Security-wise we don't change to the delayed approach. The "demo" mode with 0.01 BTC trades and no delay was part of the proposal anyway. I don't consider that a critical risk as well we can lower that amount if we would see that it gets abused.

meapistol commented 5 years ago

Would it also be possible to limit the number of trades to one/day in the beginning without too much development effort? This would severely limit the damage a person with a stolen account could do.

ManfredKarrer commented 5 years ago

We do not have a tool to do that. The trade statistics do not contain any date which could be used to identify or verify a trader. So I think there is no way how we can do that atm. Would required to add new data but that will likely be problematic privacy-wise....

mpolavieja commented 5 years ago

Ok, I see now the problem of trying to do the delay without changing the trading protocol.

Regarding the alternative approach, we should be aware that if a new user wants to get attested doing a buy trade he will need to find a trusted user that is selling 0.01 BTC. Do you think there will be many authorized users that are selling such low amount?

This could be solved doing a higher amount sell trade, but then the new user needs to own higher amounts of BTC (good for deterring scammers, bad for honest newbies).

As general comment for both the delay approach and the alternative approach, isn´t it a bit risky that a scammer tries to attest his a account with a low amount sell trade?
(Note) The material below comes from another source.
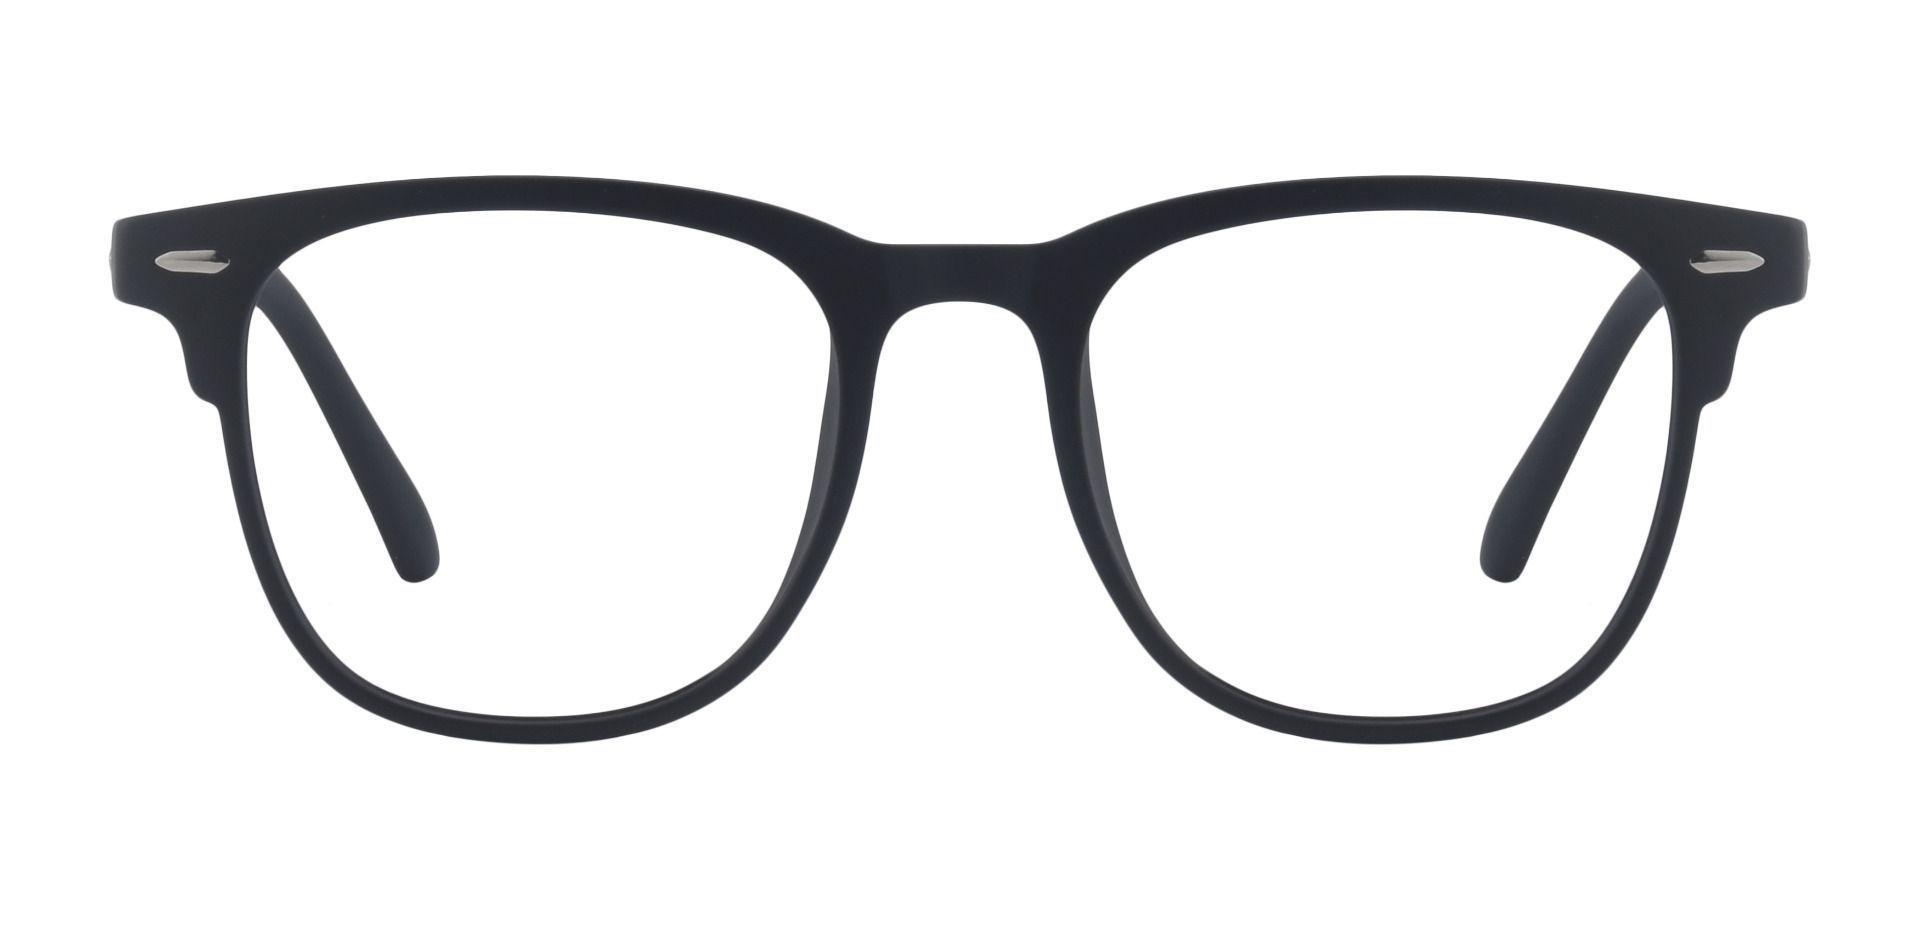 Bento Square Prescription Glasses - Matte Black

The victim might not notice or might not complain at all because of that incoming payment, and the scammer could get his account attested at a very low cost.
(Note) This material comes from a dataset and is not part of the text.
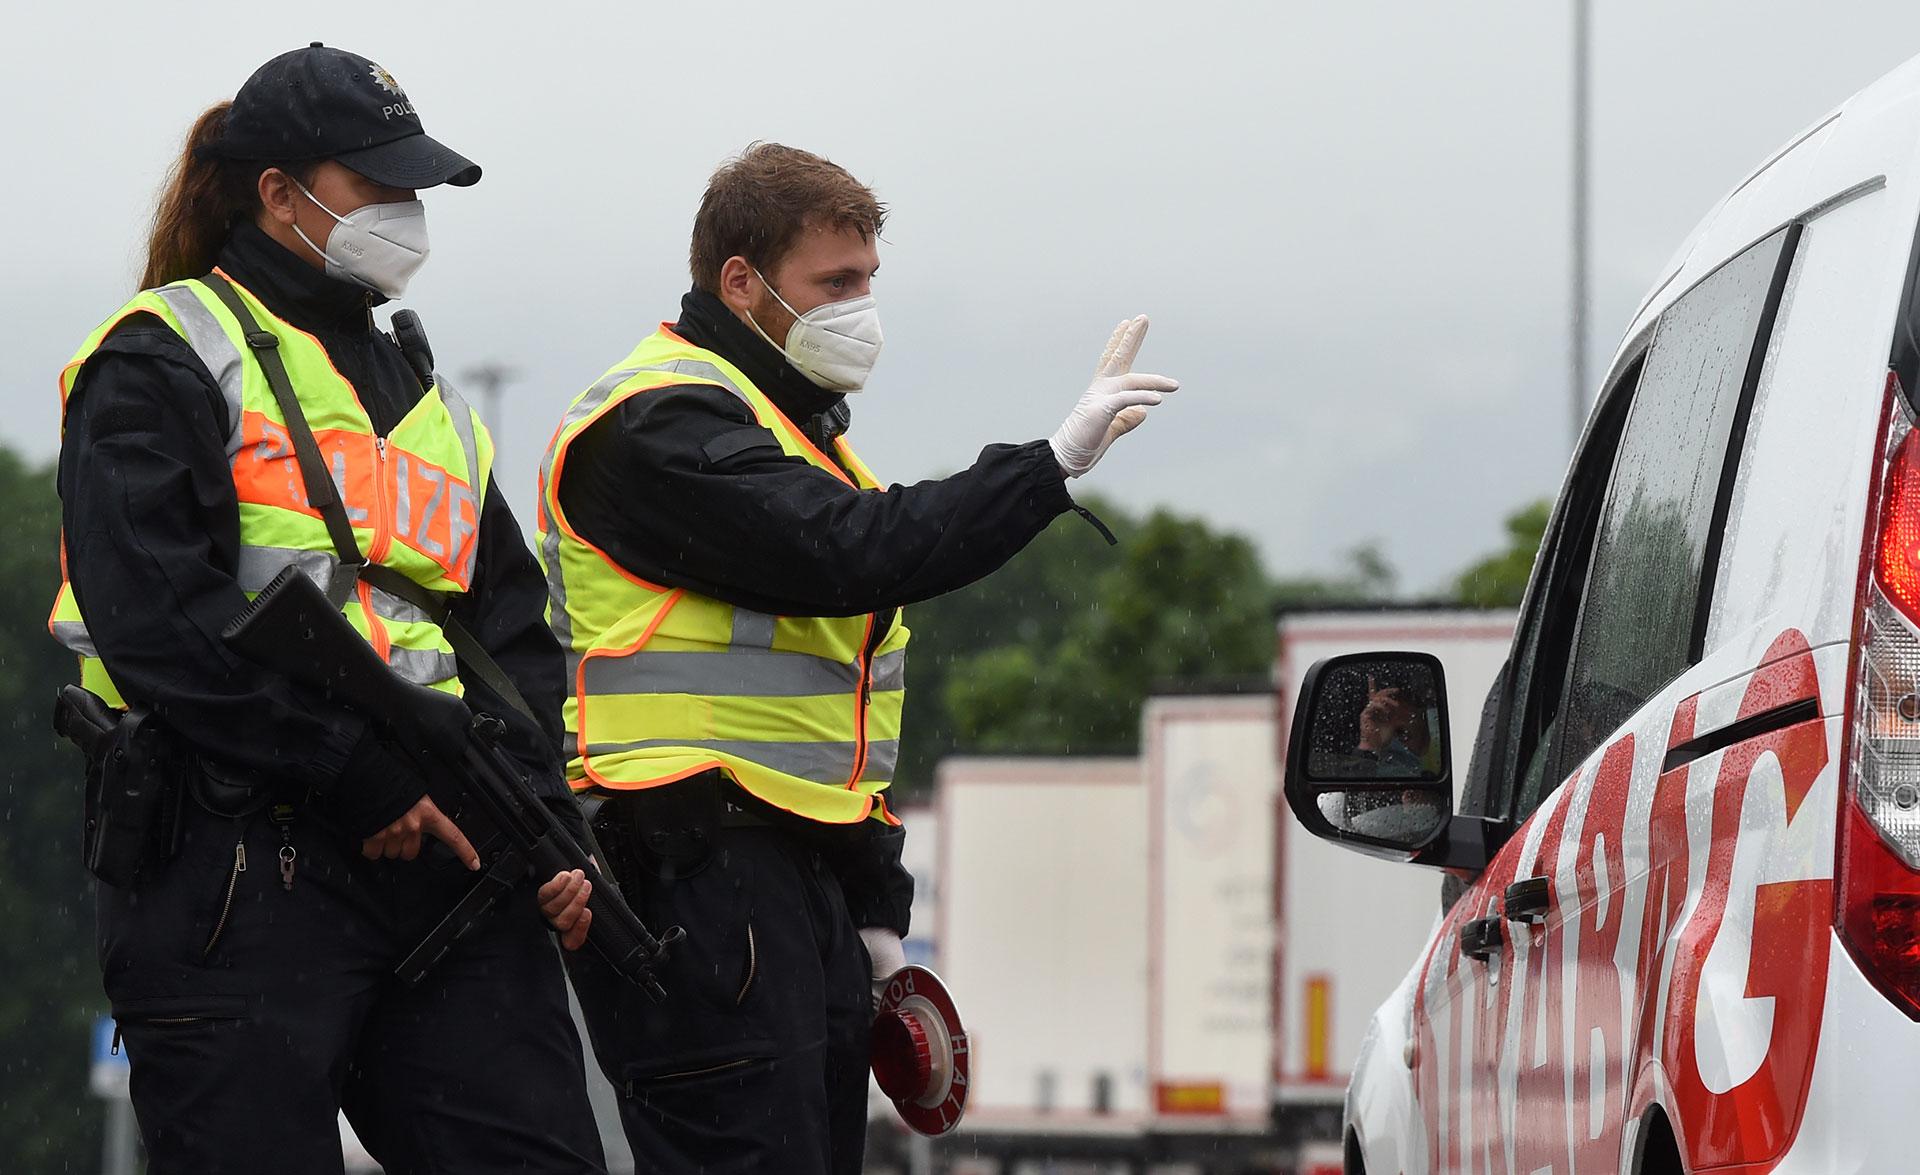 Un oficial de la policía alemana controla un automovil en el puesto fronterizo entre Alemania y Austria.

mpolavieja commented 5 years ago

If you guys agree that getting attested with a low sell trade is a risk, I suggest the following:

  1. Not allowing low sell trades to be used for attestation (too harsh?)
  2. Allowing low sell trades to be used for relieving trading restrictions after 1 month, but the badge would remain at bronze until a buy trade (higher than X?) with an authorised user has been done.

EDIT: If delays are not implemented and we are going to rely more heavily on the reputation system, then we should be very careful on how it is achieved the status of authorized user (the ones that are able to attest other users) so the attestation trust structure does not get compromised. So for example if above suggestion 2. is implemented, bronze users wouldn´t be able to attest other users even if they are more than 1 month old and do not have trading restrictions.
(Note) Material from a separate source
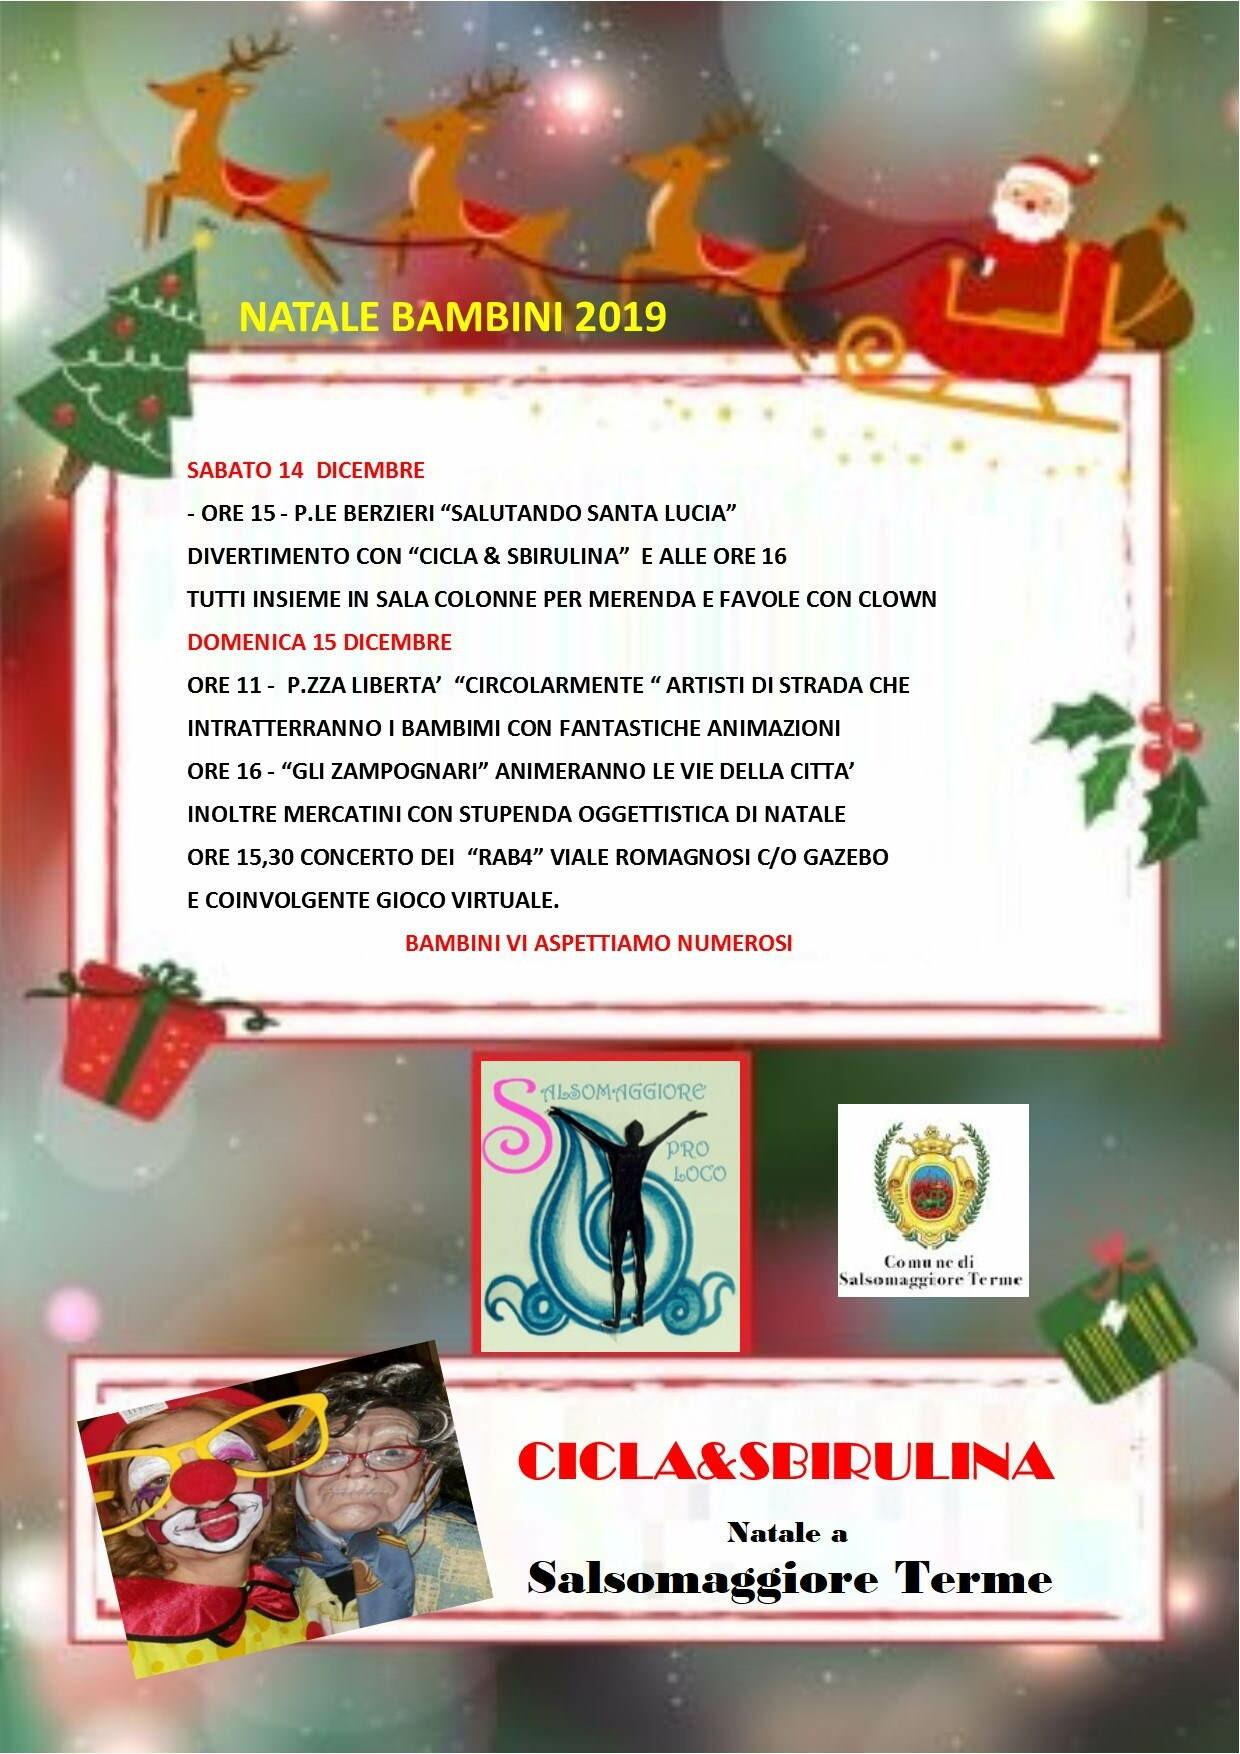 Natale bimbi 2019 a Salsomaggiore

ManfredKarrer commented 5 years ago

There might be higher sell offer with small amount. We see similar at BSQ at. The better prices require higher amounts, smaller amounts have higher prices...

Regarding the attestation of small amount sellers: It would have been the same in the previous concept. I agree there is some risk but it is hard to say if it is a realistic risk the scammer could abuse. Note that the normal trade limits are still in place (1st month 0.0625 BTC, second 0.125, after 0.25) which is still rellative low and kept scammers out for 3 years. We can also increase min. trade amount (0.0001 btc) so that the min amount he trades is not too small to stay unnoticed. To use it only for buyer might be a bit too restrictive but maybe its required to increase security here....

mpolavieja commented 5 years ago

It would have been the same in the previous concept

Yeah, that was a general comment for both the delay approach and this new alternative approach. The attack I fear is that the scammer uses several stolen accounts with a very low balance and spends a little BTC on each one of them through sell trades. Those accounts get attested so then he can use those accounts to attest other stolen accounts with higher fiat balances by faking the payment confirmations.

Note that the normal trade limits are still in place (1st month 0.0625 BTC, second 0.125, after 0.25) which is still rellative low and kept scammers out for 3 year

But we are not sure if it was the limits what kept them out, or if it was low liquidity.

In any case, IMO it is critical for the reputation system how users are going to achieve the status of being able to verify other users. So we can be confident that the reputation system is trustworthy enough.